# New Rav-4 Vs X-Trail



## pgames38 (May 12, 2005)

Anyone hear much about the new Rav-4? It has an available V6 (269 hp) and an audio system that plays MP3 (don't know about iPods). What about the drive system? A picture I saw on the rav-4 website had a 4WD lock button. Will this one give the XT some competition?

Paul


----------



## ERBell (Aug 7, 2005)

The X trail can't compete with a V6 Rav4. The 4 cyl. yes. It is bigger than the last one but all that power in a small SUV is crazy. 

I guess the 4 cyl. will be the one tested against the other imports like nissan and honda and the V6 will take on the Domestics. 

I almost guarantee the V6 model fully loaded will be over $40 000.


----------



## Canada's Far East (Jun 15, 2005)

pgames38 said:


> Anyone hear much about the new Rav-4? It has an available V6 (269 hp) and an audio system that plays MP3 (don't know about iPods). What about the drive system? A picture I saw on the rav-4 website had a 4WD lock button. Will this one give the XT some competition?
> 
> Paul


Here's a review / test drive.

http://www.lfpress.com/cgi-bin/publish.cgi?p=116413&x=articles&s=wheels

Here's the vehicle.

http://www.toyota.com/rav4/?s_van=GM_HOME_FLASH_RAV4

Seems they've addressed many of the past differences between the Rav 4 & the X-T. Will it give the X-T some competition ? All vehicles are in competition with each other.

Toyota, like Nissan has a loyal following. Would the new Rav 4 cause an X-T owner to switch ? I doubt it - unless one wanted the 6 cyl engine....


----------



## aussietrail (Sep 24, 2004)

With the ever increasing price of fuel worldwide everyone is looking for the most economical cars on the market in terms of fuel consumption.

Sadly this meant that the 6 and 8 cylinder cars were scratched-out of the "most desirable" cars to drive and the way was clear to nearly all 4 cylinder type cars to keep improving on that fuel consumption. Something the exy is very capable of in its class.

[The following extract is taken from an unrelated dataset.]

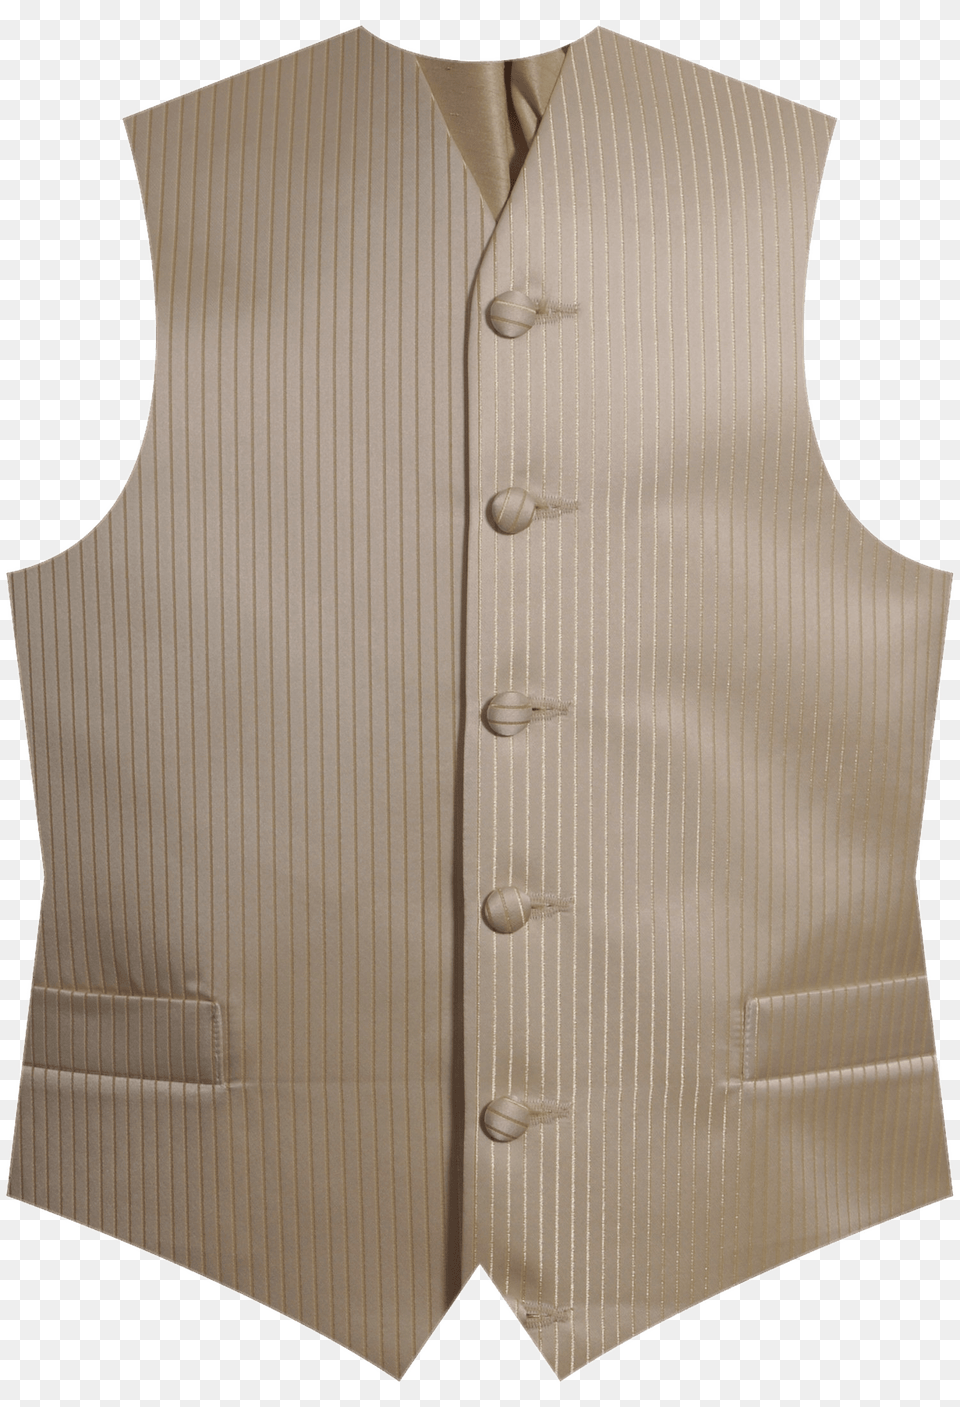 Wedding Waistcoat With Closed Buttons, Clothing, Lifejacket, Vest Png

Having said the above and if I wanted a 6 cylinder engine, I would look at the Pathfinder as an option  Am a Nissan fan to the bones LOL


----------



## Canada's Far East (Jun 15, 2005)

*X-Trail wins another award - in the UK*

http://www.whatcar.com/news-special-report.aspx?NA=218154&EL=3147083

Personally, I think the 4 banger is ideal for the X-T. That's part of the reason I bought it.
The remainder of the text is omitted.